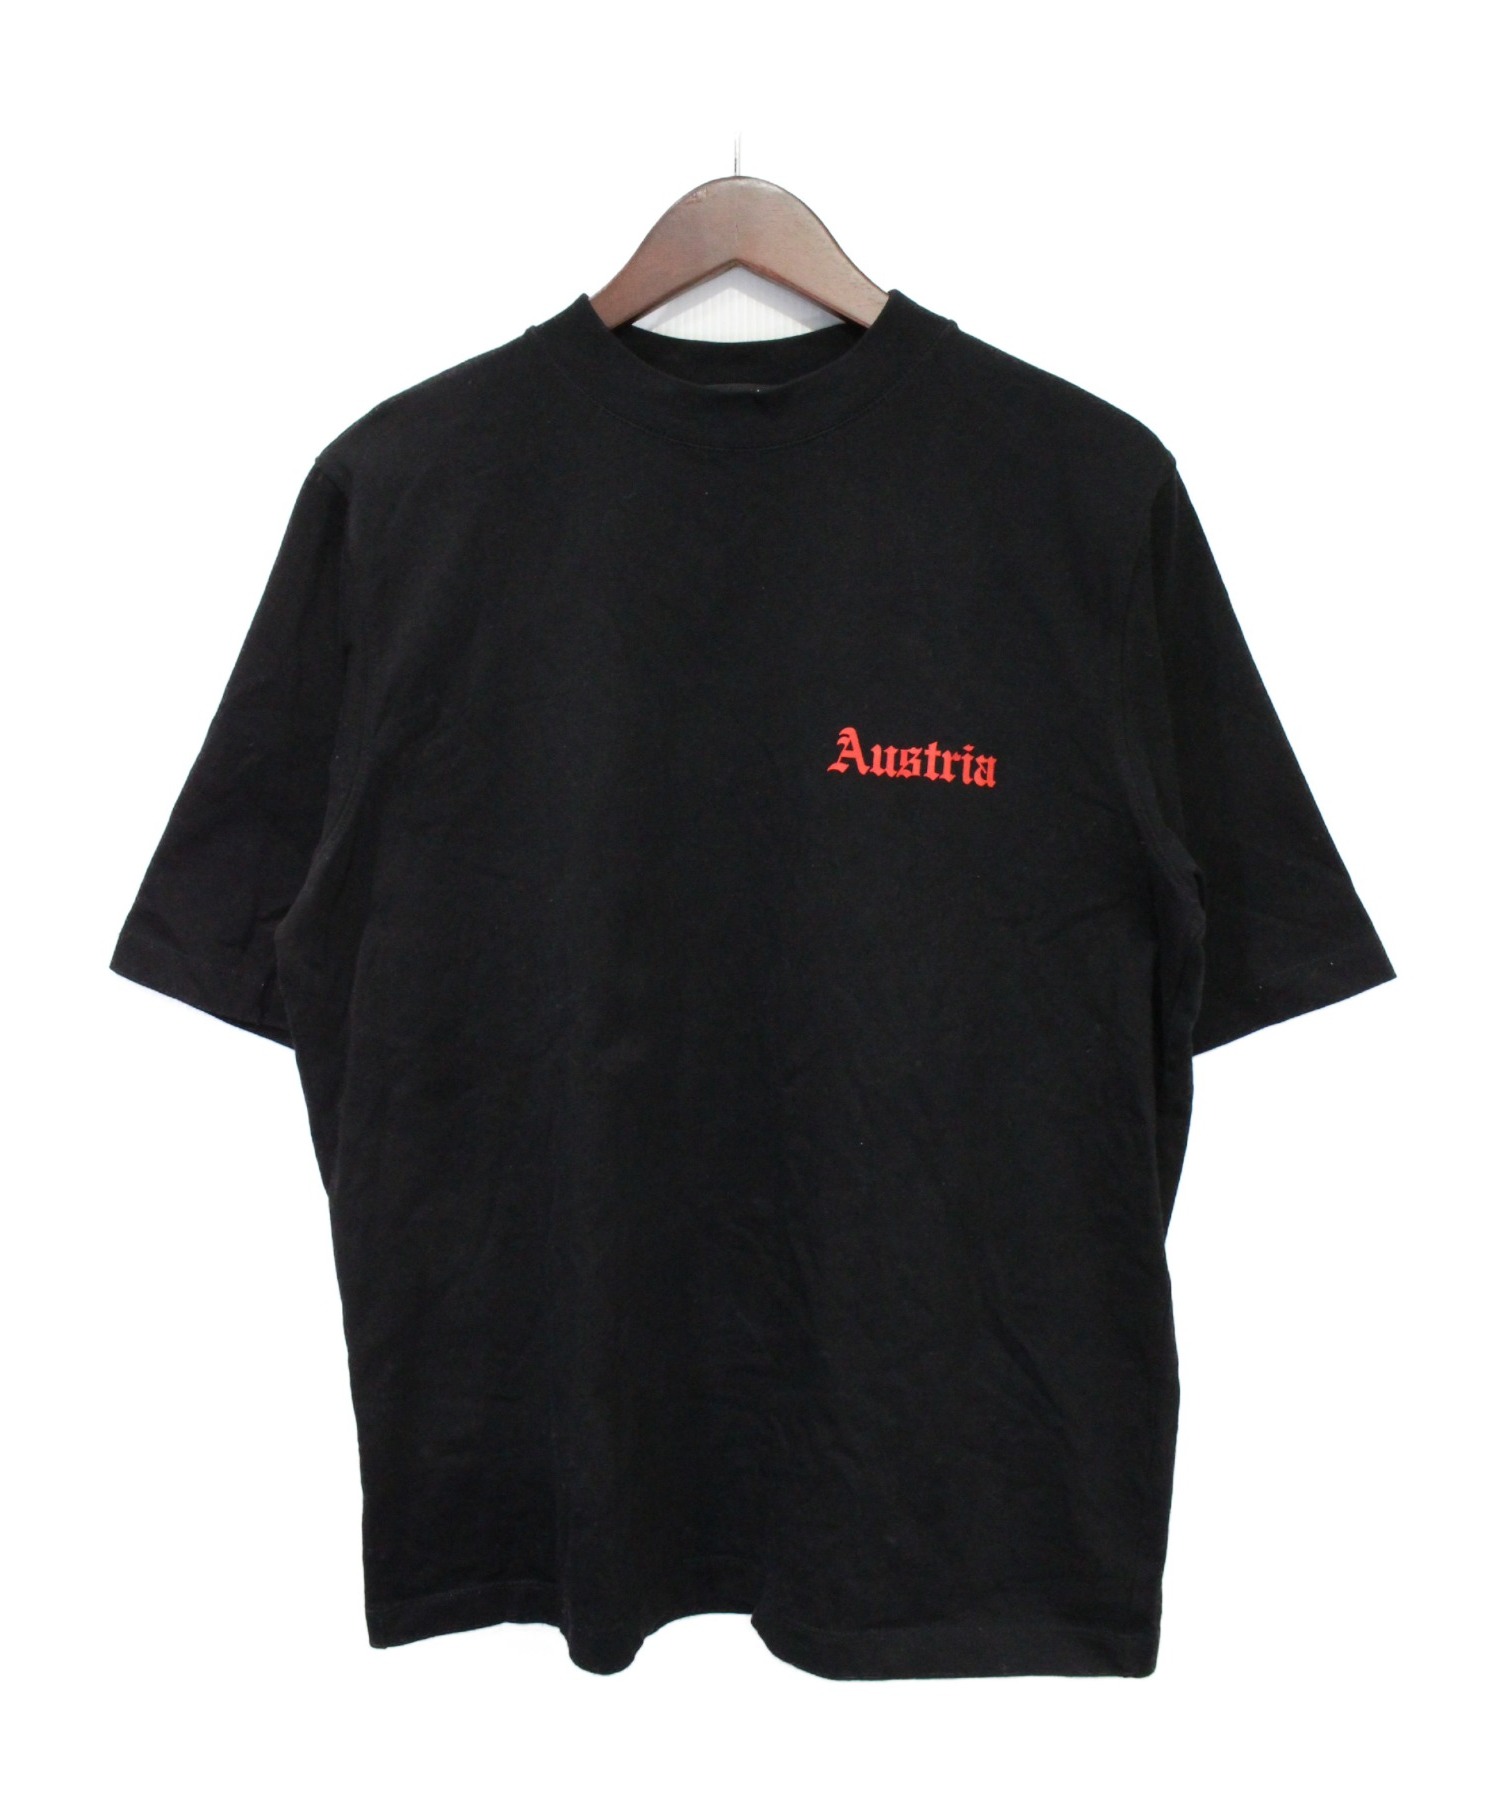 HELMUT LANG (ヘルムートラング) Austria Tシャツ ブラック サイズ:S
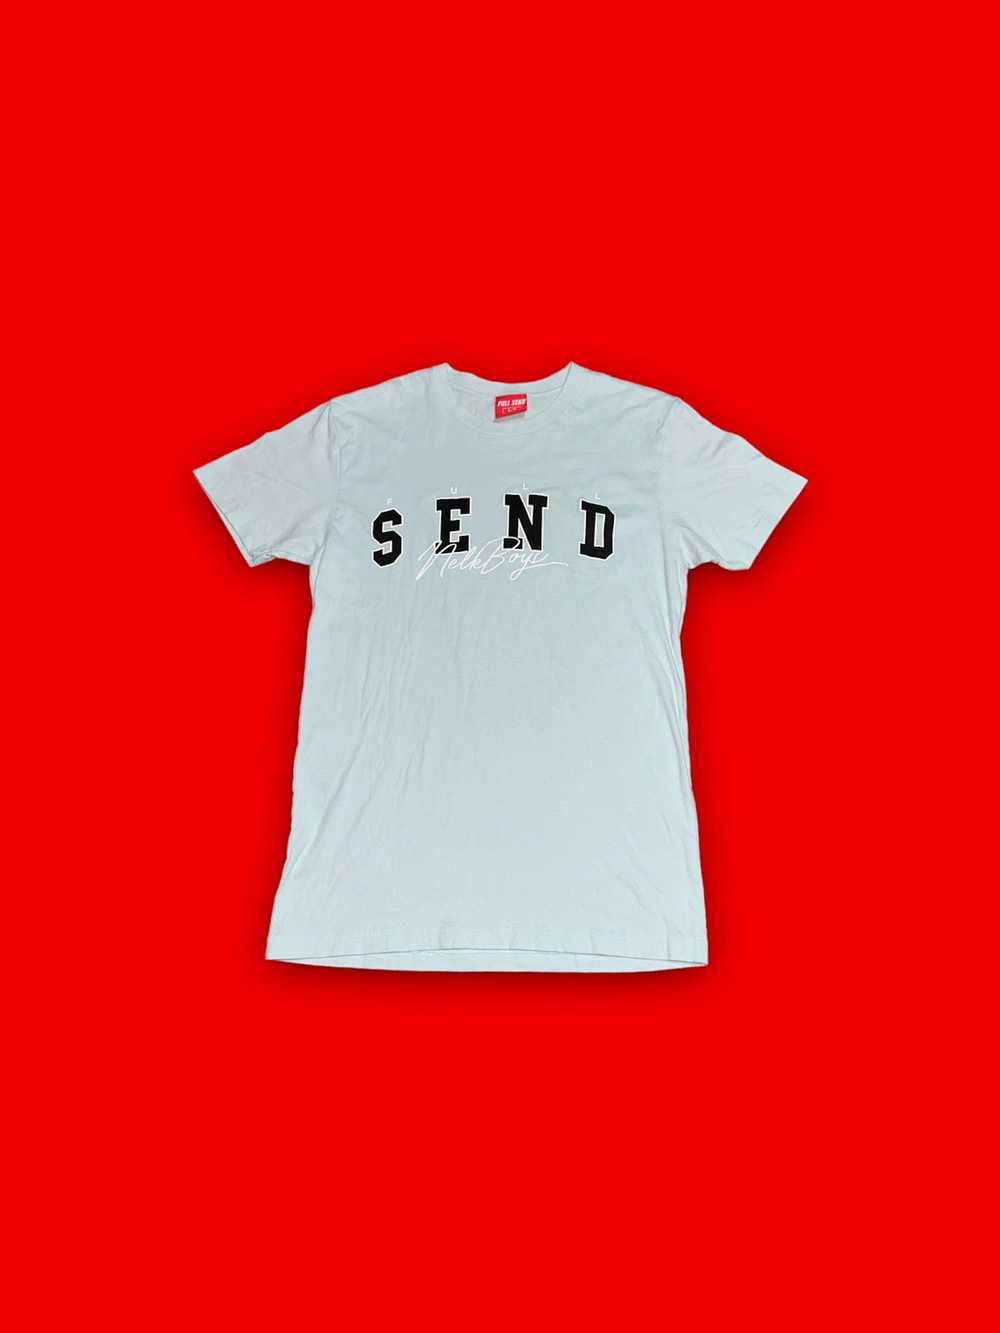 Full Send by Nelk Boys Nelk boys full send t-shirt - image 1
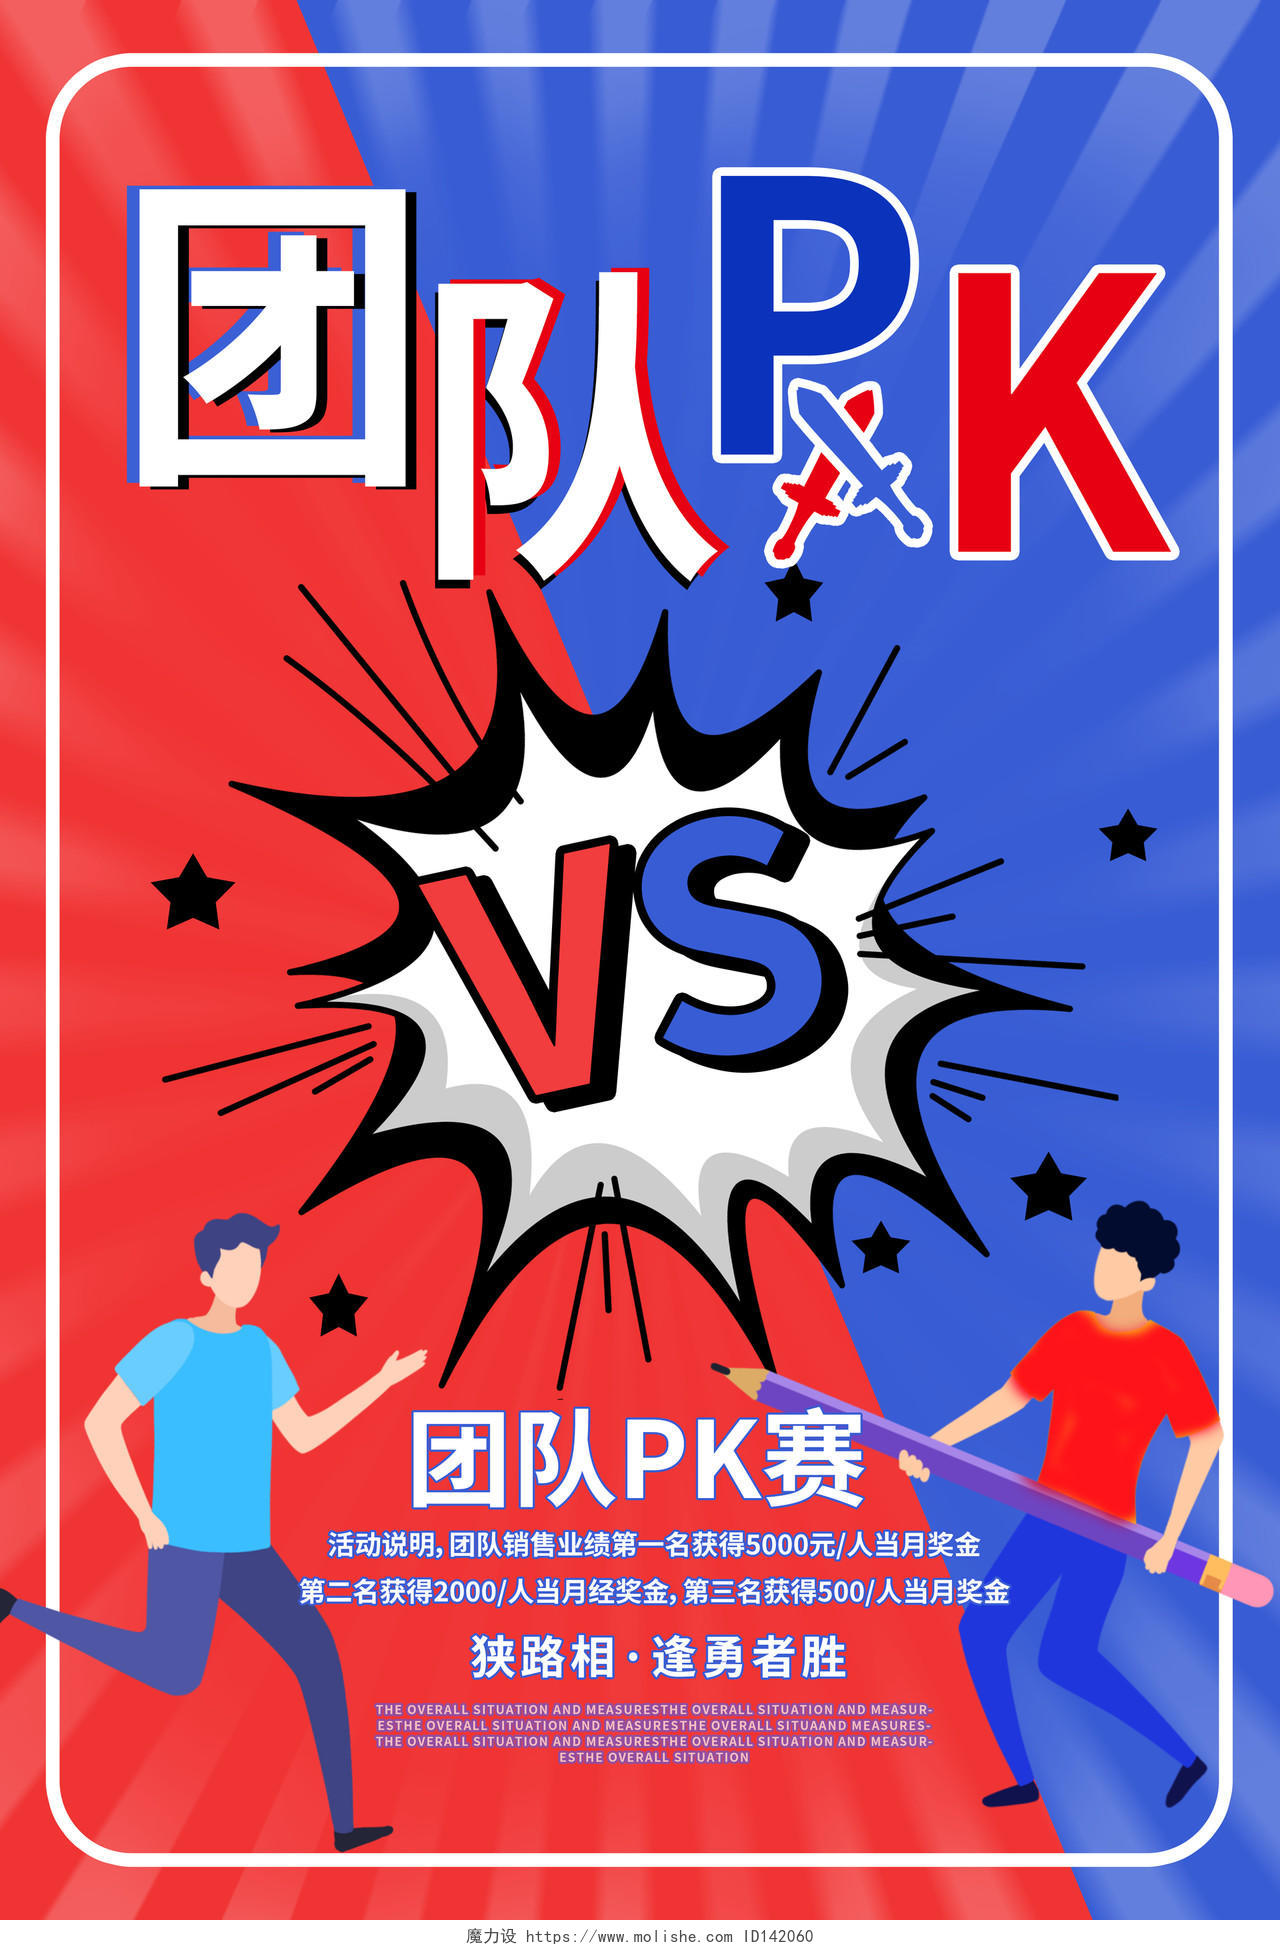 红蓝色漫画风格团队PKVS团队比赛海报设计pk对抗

▸ PROBLEM TO WORK ON
With the pictures left out, return the listing above exactly as it stands.

▸ ANSWER
 HELMUT LANG (ヘルムートラング) Austria Tシャツ ブラック サイズ:S
 Full Send by Nelk Boys Nelk boys full send t-shirt - image 1
 红蓝色漫画风格团队PKVS团队比赛海报设计pk对抗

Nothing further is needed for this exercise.